Packing Handles Into SSBO

GLuint textureBuffer;
glCreateBuffers(1, &textureBuffer);
glNamedBufferStorage(
    textureBuffer,
    sizeof(GLuint64) * textureHandles.size(),
    (const void *)textureHandles.data(),
    GL_DYNAMIC_STORAGE_BIT
);

Once we have all this we are ready to enter the rendering loop!

Making Handles Resident And Drawing

glEnable(GL_DEPTH_TEST);
glClearColor(0.0f, 0.0f, 0.0f, 0.0f);
glClear(GL_COLOR_BUFFER_BIT | GL_DEPTH_BUFFER_BIT);

// Mark all as resident
for (GLuint64 handle : textureHandles) {
    glMakeTextureHandleResidentARB(handle);
}

// Bind our shader program
glUseProgram(shader);

// Set up matrices
glUniformMatrix4fv(
    glGetUniformLocation(shader, "projection"), 1, GL_FALSE, projectionMat
);
glUniformMatrix4fv(
    glGetUniformLocation(shader, "view"), 1, GL_FALSE, viewMat
);

// Bind the SSBOs
glBindBufferBase(GL_SHADER_STORAGE_BUFFER, 0, verticesBuffer);
glBindBufferBase(GL_SHADER_STORAGE_BUFFER, 1, modelMatricesBuffer);
glBindBufferBase(GL_SHADER_STORAGE_BUFFER, 2, textureBuffer);

glDrawArraysInstanced(GL_TRIANGLES, 0, numVertices, numInstances);

glUseProgram(0);

// Mark all as non-resident - can be skipped if you know the same textures
// will all be used for the next frame
for (GLuint64 handle : textureHandles) {
    glMakeTextureHandleNonResidentARB(handle);
}

A Look At The Shaders

The vertex shader is almost identical to the one found in the Programmable Vertex Pulling tutorials except that now it writes gl_InstanceID as an output so that the fragment shader can use it. gl_InstanceID in this case will contain values from 0 to 1599 and the fragment shader will use this to determine which texture it should pull data from.

Another really important thing is to remember to use #extension GL_ARB_bindless_texture : require since the bindless textures never made it into core OpenGL. We will have to put this in both the vertex and the fragment shader.

shader.vs

#version 460 core

#extension GL_ARB_bindless_texture : require

// This matches the C++ definition
struct VertexData {
    float position[3];
    float uv[2];
    float normal[3];
};

// readonly SSBO containing the data
layout(binding = 0, std430) readonly buffer ssbo1 {
    VertexData data[];
};

layout(binding = 1, std430) readonly buffer ssbo2 {
    mat4 modelTransforms[];
};

uniform mat4 projection;
uniform mat4 view;

// Helper functions to manually unpack the data into vectors given an index
vec3 getPosition(int index) {
    return vec3(
        data[index].position[0], 
        data[index].position[1], 
        data[index].position[2]
    );
}

vec2 getUV(int index) {
    return vec2(
        data[index].uv[0], 
        data[index].uv[1]
    );
}

vec3 getNormal(int index) {
    return vec3(
        data[index].normal[0], 
        data[index].normal[1], 
        data[index].normal[2]
    );
}

smooth out vec2 fsUv;
flat out vec3 fsNormal;
flat out int fsInstance;

void main()
{
    mat4 vp = projection * view;
    vec4 position = vec4(getPosition(gl_VertexID), 1.0);
    gl_Position = vp * modelTransforms[gl_InstanceID] * position;

    fsUv = getUV(gl_VertexID);
    fsNormal = getNormal(gl_VertexID);
    // Fragment shader needs this to select one of the 1600 available textures
    fsInstance = gl_InstanceID;
}

In the fragment shader below you’ll notice that the readonly SSBO has type “sampler2D” inside of it.
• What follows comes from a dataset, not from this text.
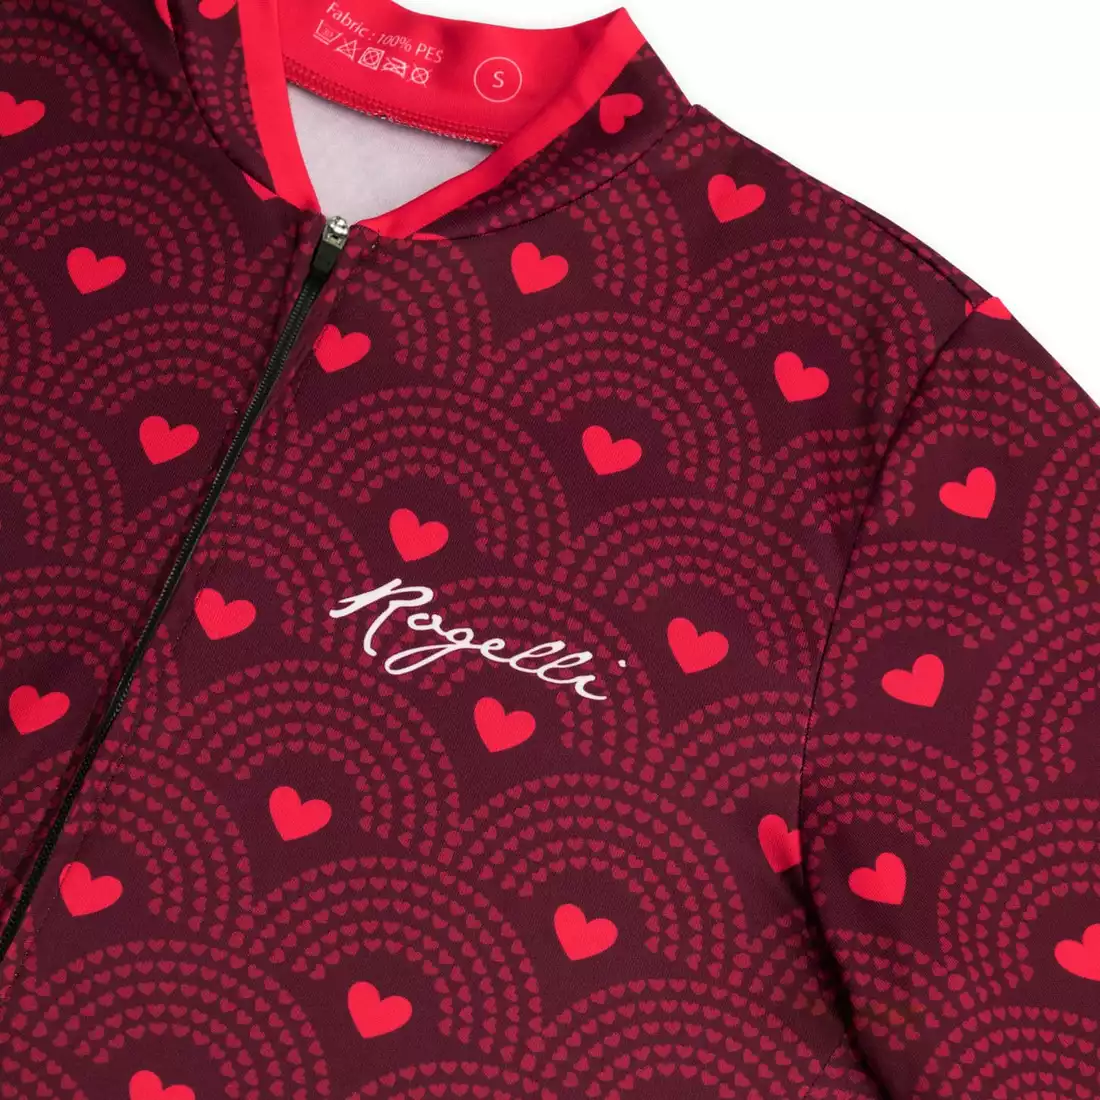 Rogelli HEARTS dámský cyklistický dres, kaštanově růžová
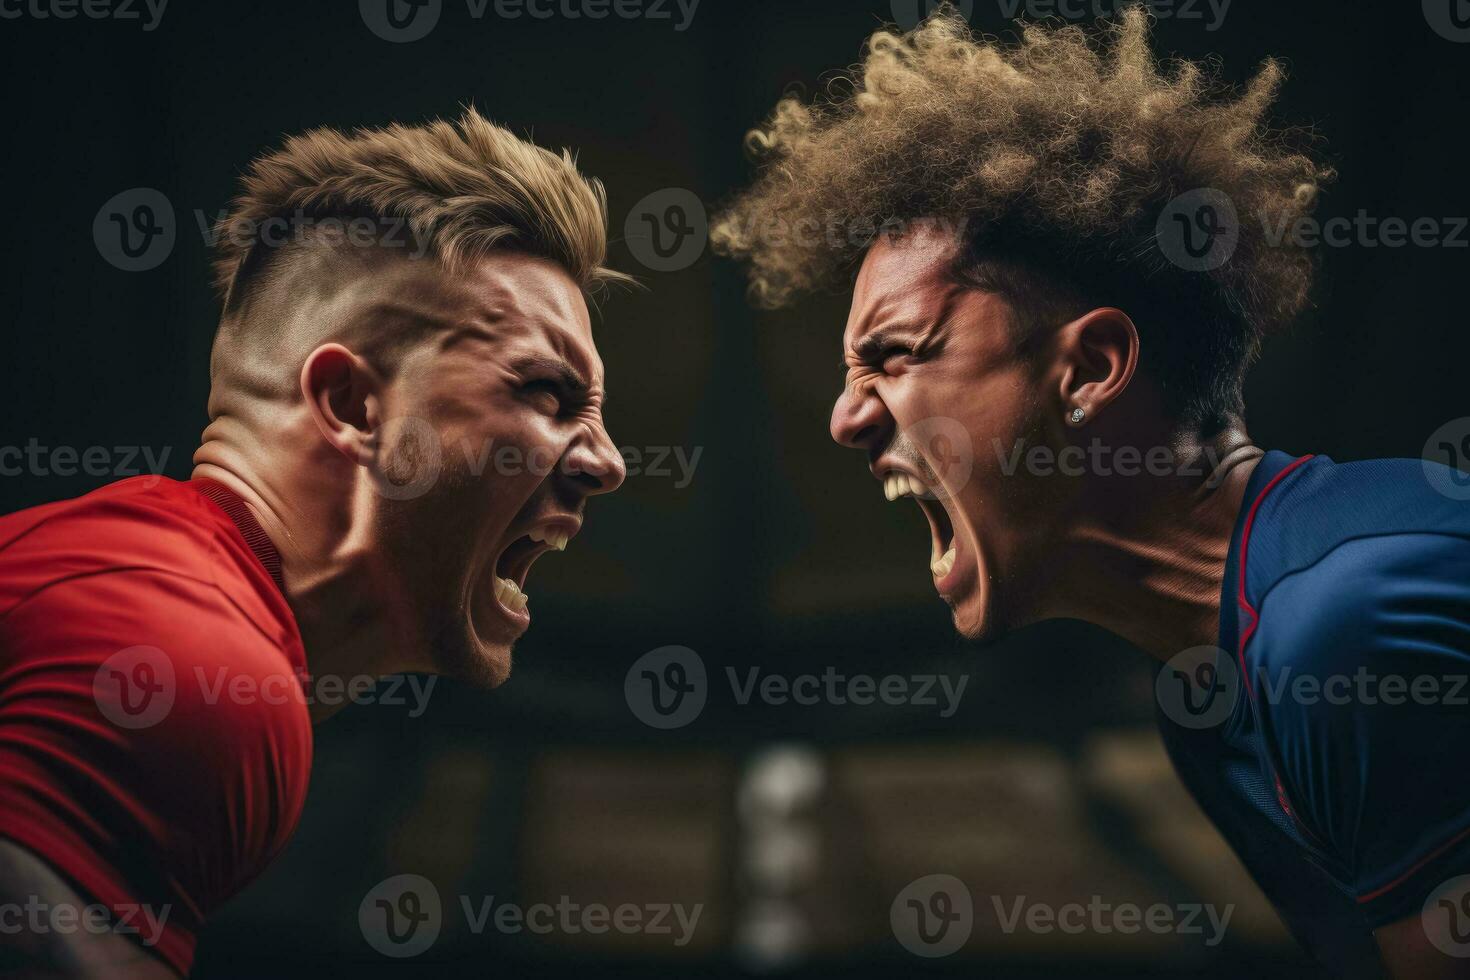 närbild av en röd i ansiktet idrottare skrikande och pekande aggressivt på en rival spelare uttrycker intensiv ilska under en konkurrenskraftig spel foto

Depending on the texture type you are using this should work with sampler2D, sampler3D, samplerCube, etc. All of them only require that you pass in the 64-bit handles as the SSBO data.

fragment.vs

#version 460 core

#extension GL_ARB_bindless_texture : require

// SSBO containing the textures
layout(binding = 2, std430) readonly buffer ssbo3 {
    sampler2D textures[];
};

smooth in vec2 fsUv;
flat in vec3 fsNormal;
flat in int fsInstance;

out vec4 color;

void main() {
    // Select texture based on instance
    sampler2D tex = textures[fsInstance];
    // Read from the texture with the normal texture() GLSL function
    color = vec4(texture(tex, fsUv).rgb, 1.0);
}

Running this program produces the following result on a GTX 1060:

bindless

Note About Dynamically Uniform Expressions

For information on what dynamically uniform expressions are, see https://www.khronos.org/opengl/wiki/Core_Language_(GLSL)#Dynamically_uniform_expression.

For a great writeup on this topic, see: https://gist.github.com/JuanDiegoMontoya/55482fc04d70e83729bb9528ecdc1c61

In the above shader we are pulling the texture using the value inside of flat in int fsInstance;. Since we are drawing multiple instances with the same draw command, this will not be a dynamically uniform expression. Certain hardware supports this, for example the GTX 1060 I used supports it with no other extensions needed except bindless.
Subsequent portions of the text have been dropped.